Entropie, manque d'information, incertitude, désordre, complexité, apparaissent donc comme des avatars d'un seul et même concept. Sous l'une ou l'autre de ces formes, l'entropie est associée à la notion de probabilité [...] Elle caractérise non pas un objet en soi, mais la connaissance que nous en avons et nos possibilités de faire des prévisions. Elle a donc un caractère à la fois objectif et subjectif.
Roger Balian, Université de tous les savoirs, p220

Curieusement, la notion d'entropie thermodynamique qui rend compte du phénomène on ne peut plus physique de transformation de la chaleur en travail, va bientôt se trouver identifiée avec celle d'information à partir de la statistique et des probabilités (Fischer, Shannon). La valeur d'une information étant dans son improbabilité, il est effectivement strictement équivalent de parler d'entropie ou de quantité d'information. Sauf que l'information, c'est le contraire de l'entropie comme improbabiluté, c'est même ce qui permet de s'opposer à l'entropie pour une finalité subjective, un système cognitif, un organisme biologique. Après la confusion de l'entropie avec l'énergie ou bien une loi mécanique qui ne soit pas statistique, la confusion avec l'information mène paradoxalement à la négation du caractère subjectif et anti-entropique de l'information, si ce n'est à la confusion des caractéristiques de la matière et de l'information qu'on en tire, frisant souvent l'absurde quand ce n'est pas un nouvel idéalisme.
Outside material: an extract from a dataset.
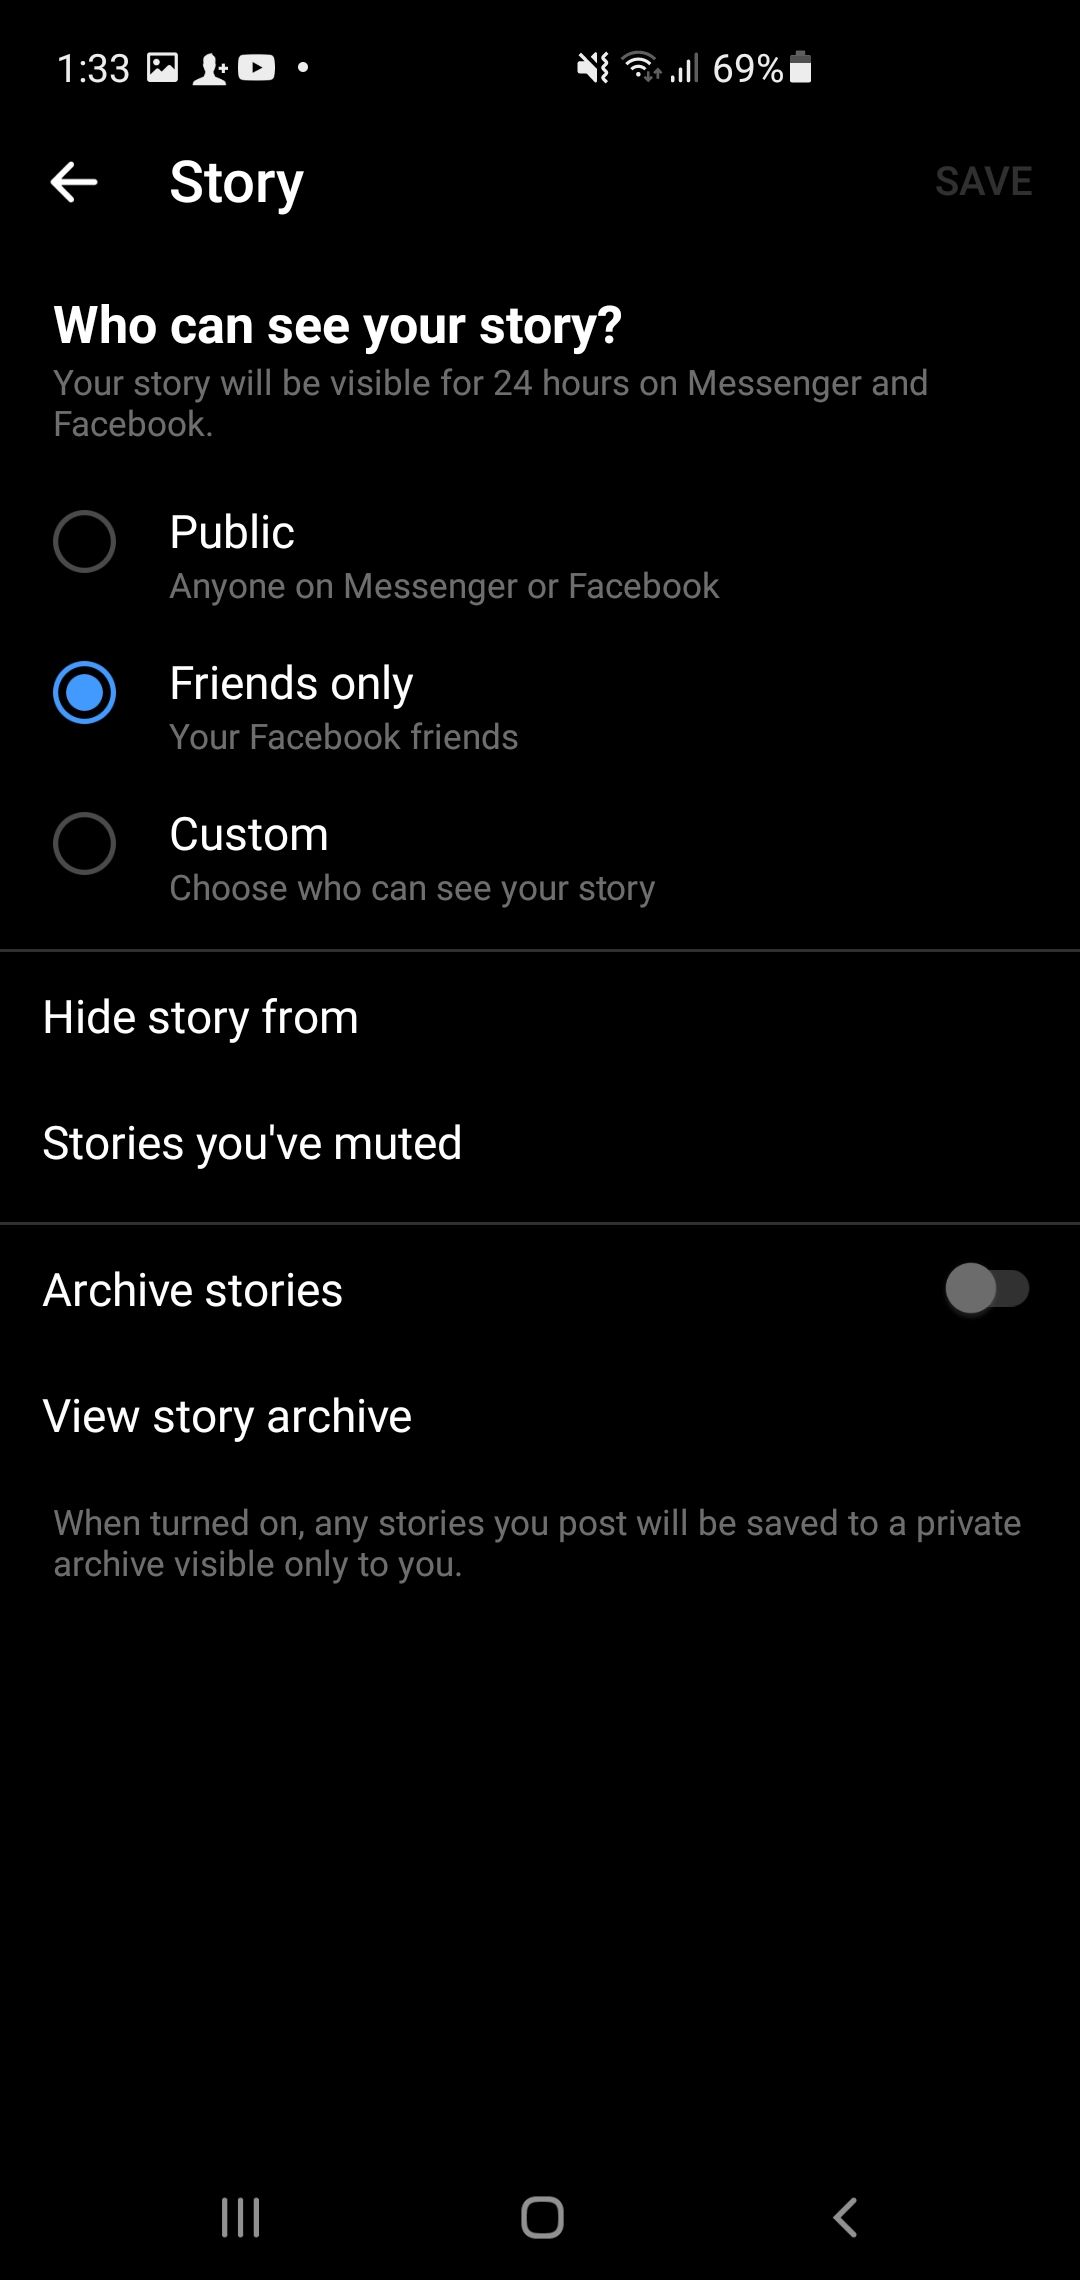 Who can see your story on Messenger

On ne peut nier qu'il y a bien égalité stricte, à l'inversion du signe près, entre l'entropie et la quantité d'information. L'entropie peut effectivement se définir comme l'information perdue, le désordre, la multiplication des configurations possibles, des irrégularités, la perte de forces structurantes à longue portée et le manque d'information qui en résulte. Quand l'entropie augmente, notre information diminue. La raison de cette équivalence est bien donnée par Maxwell mais n'apparaît pas assez pourtant dans cette physique des effets macroscopiques : c'est que l'entropie implique déjà un observateur, un point de vue subjectif constituant son objet et mesurant sa dégradation, niveau d'observation pour lequel l'information fait sens. Si l'entropie est déjà une notion subjective d'ordre statistique, une probabilité macroscopique, l'identification avec l'information va plus loin puisqu'elle implique qu'on ne s'intéresse à l'entropie que pour lutter contre !
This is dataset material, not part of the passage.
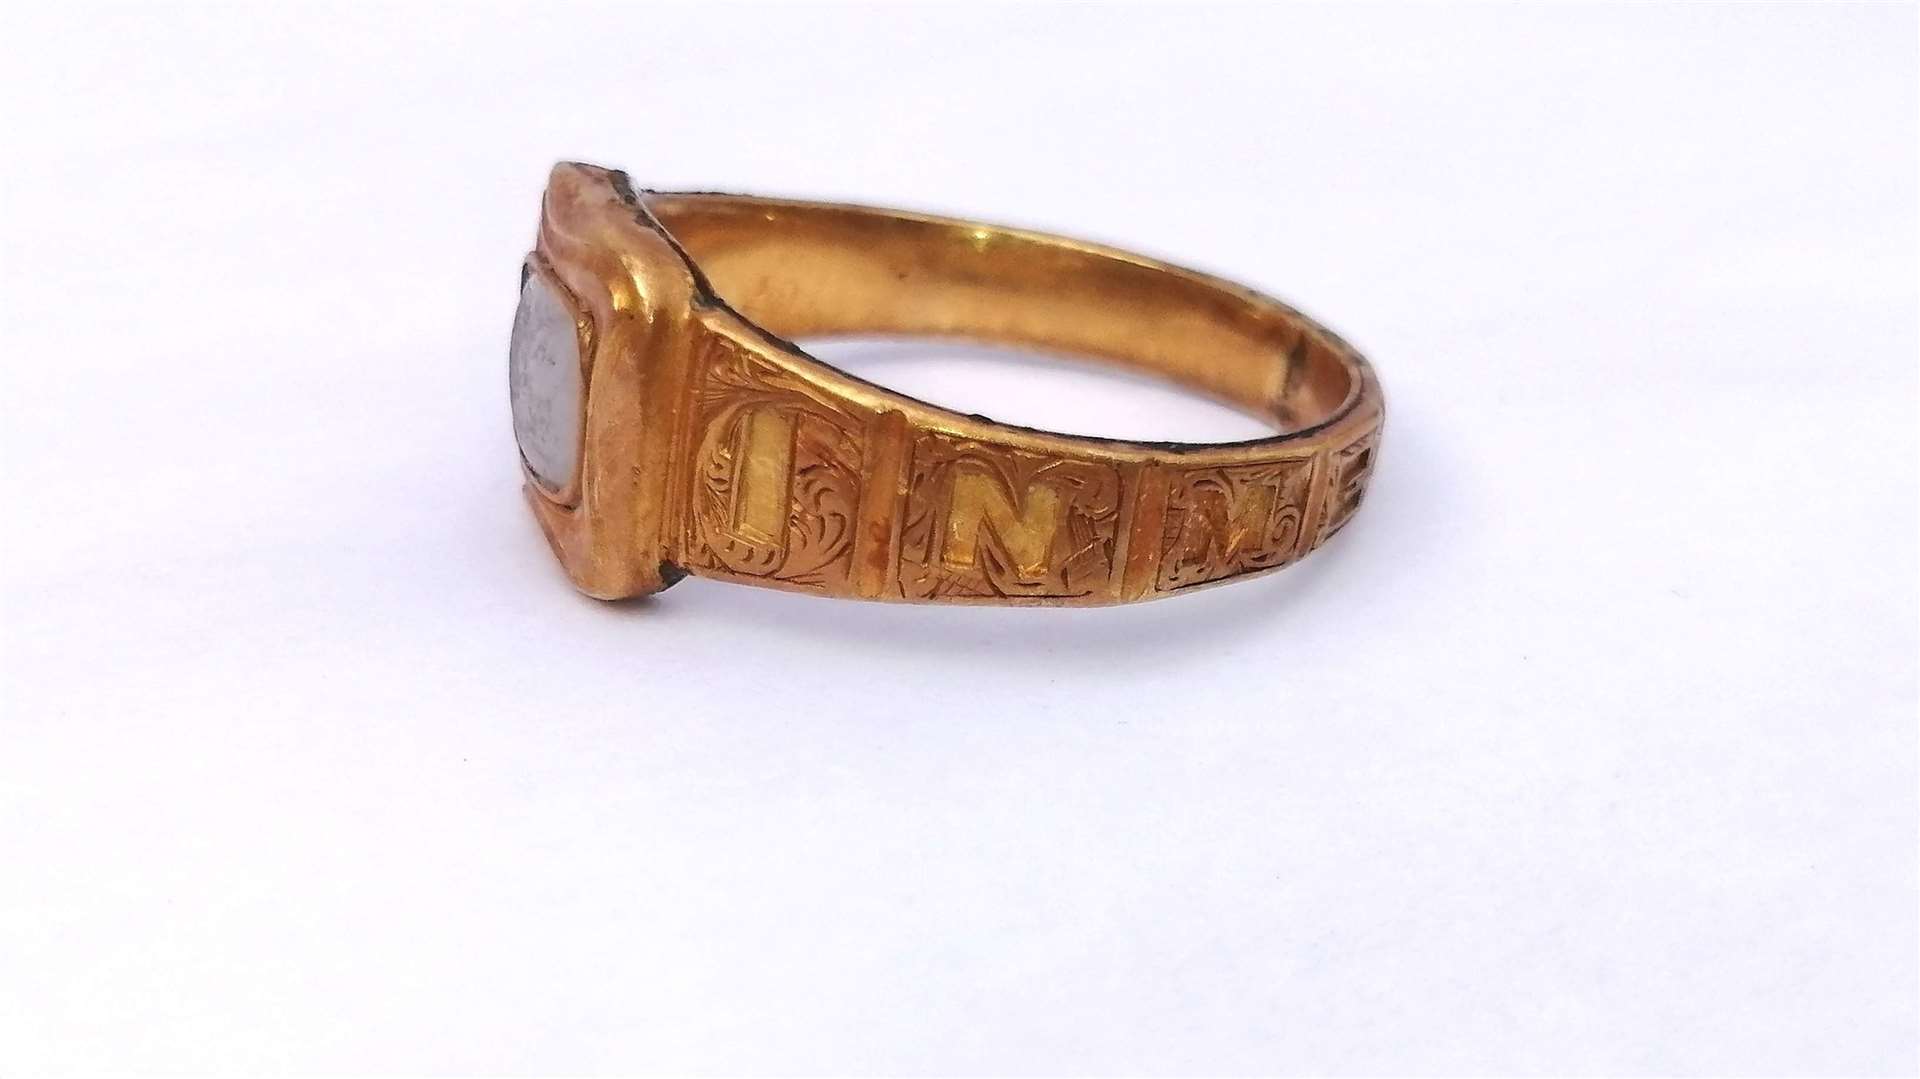 The mourning ring. Picture: Cornell Swart

En effet, l'information est le contraire de l'entropie par ses capacités de reproduction, de répétition mais surtout de régulation, c'est-à-dire de rétroaction et de correction d'erreurs (la pertinence de l'information consiste à déclencher une réponse conditionnelle adaptée). Par les régulations, la reproduction, l'apprentissage (répétition) et l'organisation, l'information est un élément de base fondamental du vivant et de sa capacité de résistance à l'entropie, de parer à l'imprévu, de corriger le tir, de s'adapter après-coup grâce à un pilotage par objectifs plutôt que par une programmation ou une cause mécanique. Le principe d'une boucle de rétroaction (ou d'un thermostat) c'est de se régler sur l'écart entre le résultat mesuré et la cible. On n'est plus alors dans la physique mais dans le pilotage par objectif introduisant la finalité dans la chaîne des causes et rejoignant les régulations biologiques. Alors que la physique est le domaine de la causalité (où les causes ont des effets), le domaine de l'information ou de la vie est celui des régulations et des finalités (où les effets deviennent causes). On n'est plus dans une "obligation de moyens" mais dans une "obligation de résultat" vitale qui nous oblige à corriger nos erreurs. C'est ce qu'on peut appeler cultiver son jardin.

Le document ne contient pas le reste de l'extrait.